Cardiac surgical cases were performed with the aid of a cardiopulmonary pump, without cardioplegia or other means of protecting the heart. High mortality rates due to cardiac injury made surgeons to look on how to protect the heart. In 1955 D.G. Melrose suggested "elective cardiac arrest", a technique already used for other purposes, in order to protect the heart from ischemia; since the cardiac muscle is not working, oxygen demands should be low. In the 1960s other groups introduced ice slur applied all over the heart's surface. The rationale was to decrease the temperature of the heart, thus to reduce oxygen demands further.

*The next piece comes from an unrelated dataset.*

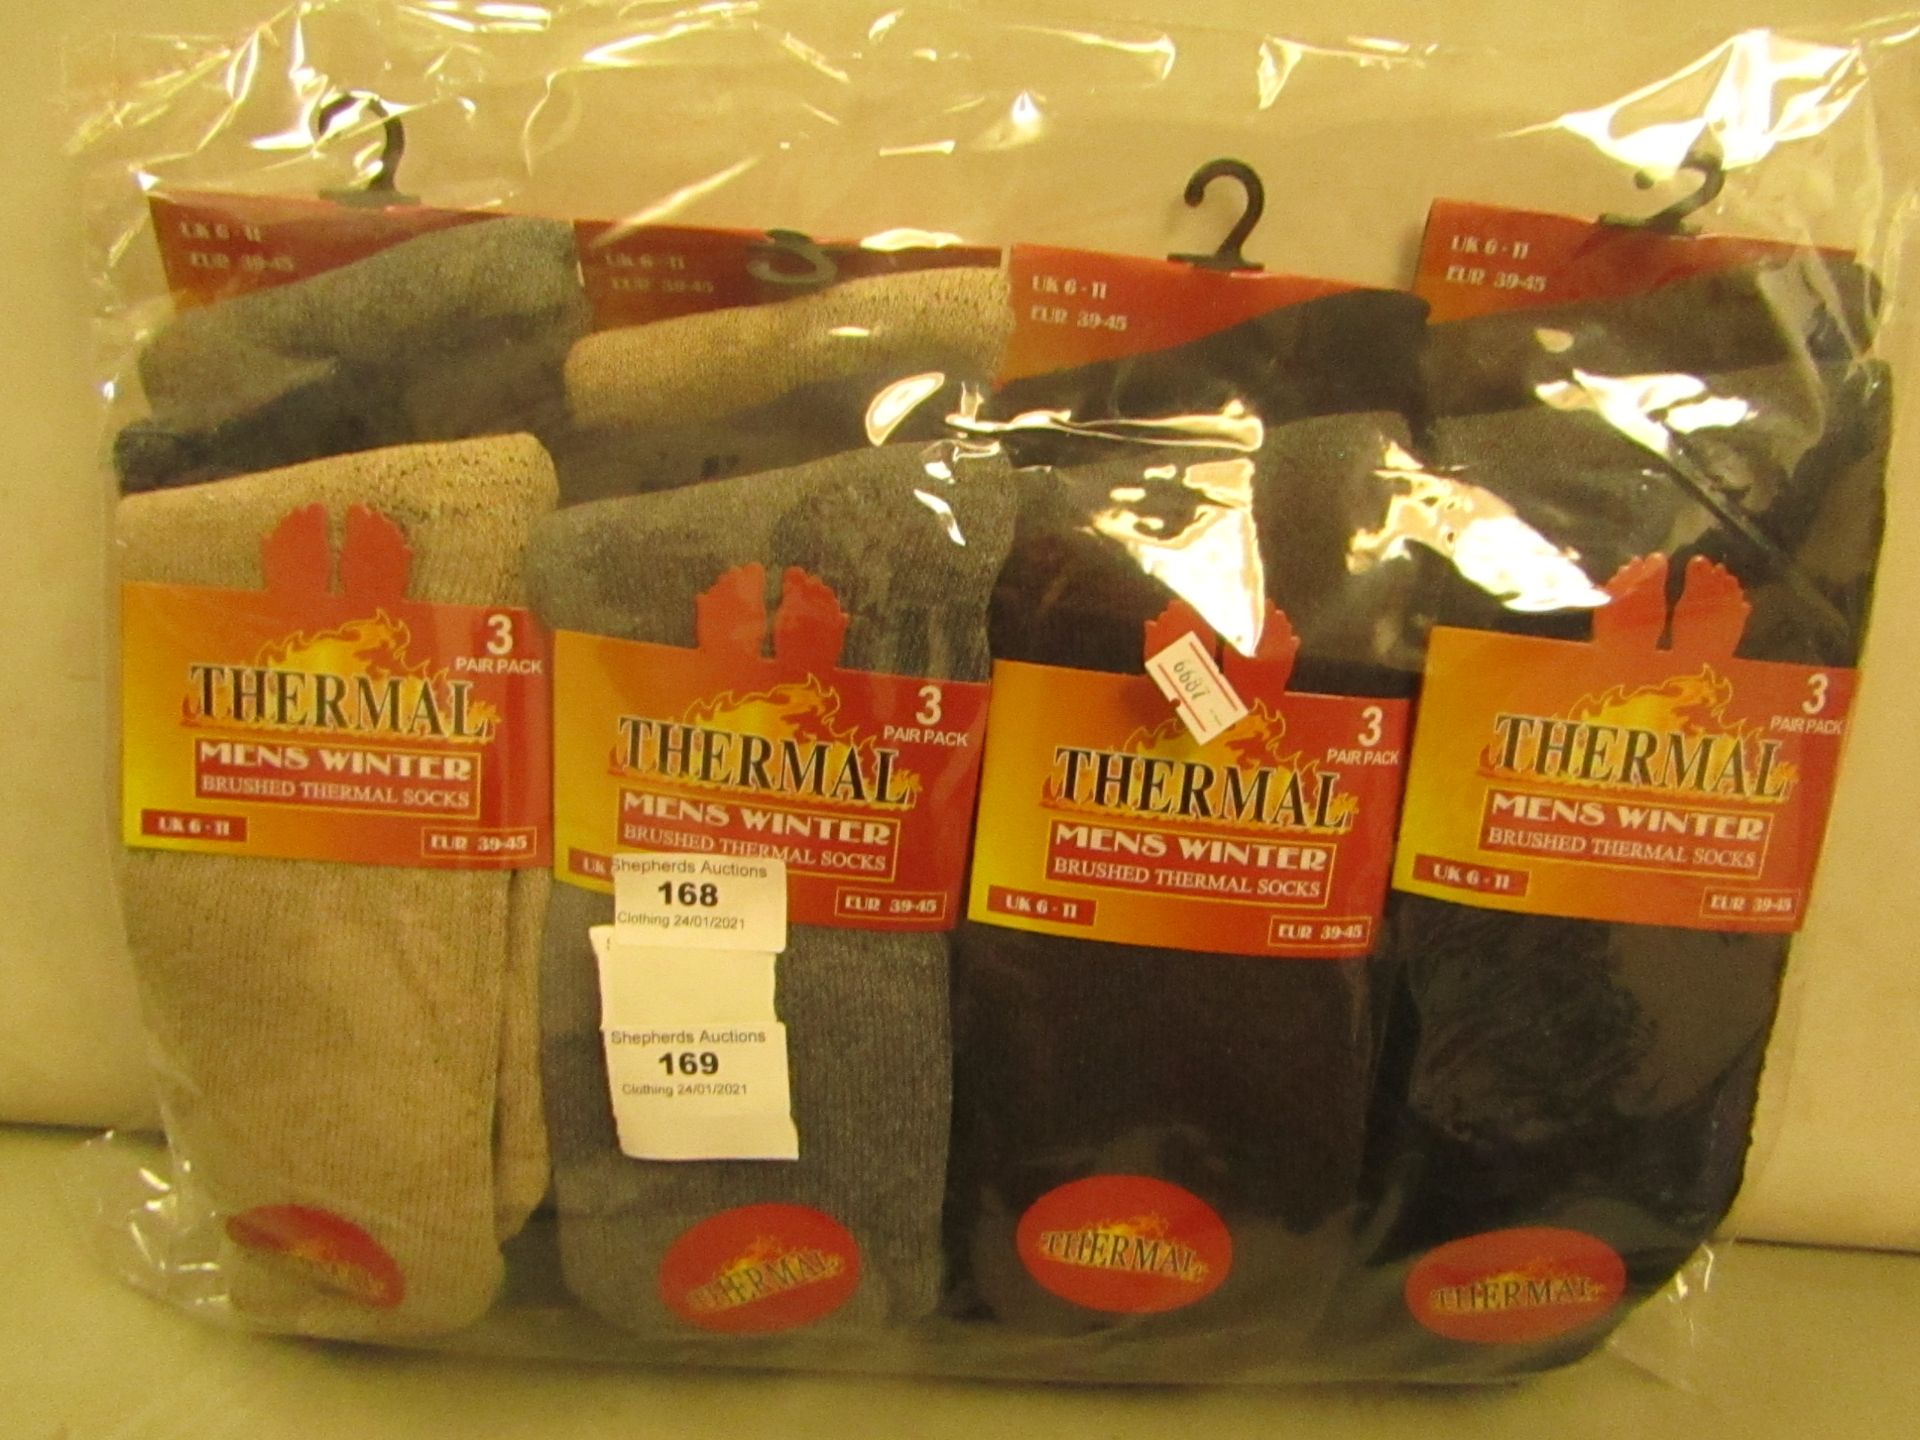 12 X Pairs of Mens Winter Thermal Socks Size 6-11 New & Packaged

During the next decades many investigators (Bretschneider, Kirch and others) came up with various solutions that could pause the heart without damaging cardiac muscle. In the same period, surgeons found out delivery roots for cardioplegia, other than the commonly used antegrade. Buckberg in North America and Menasche in Europe introduced the retrograde cardioplegia method, via a catheter inserted in the Coronary Sinus and thus perfusing the heart in a retrograde fashion.

== See also ==

- Action potential
- Cardiopulmonary bypass
- Deep hypothermic circulatory arrest
- Membrane potential
- Resting potential

==Sources ==
- Kouchoukos, Nicholas (2013). "Kirklin/Barratt-Boyes Cardiac Surgery E-Book"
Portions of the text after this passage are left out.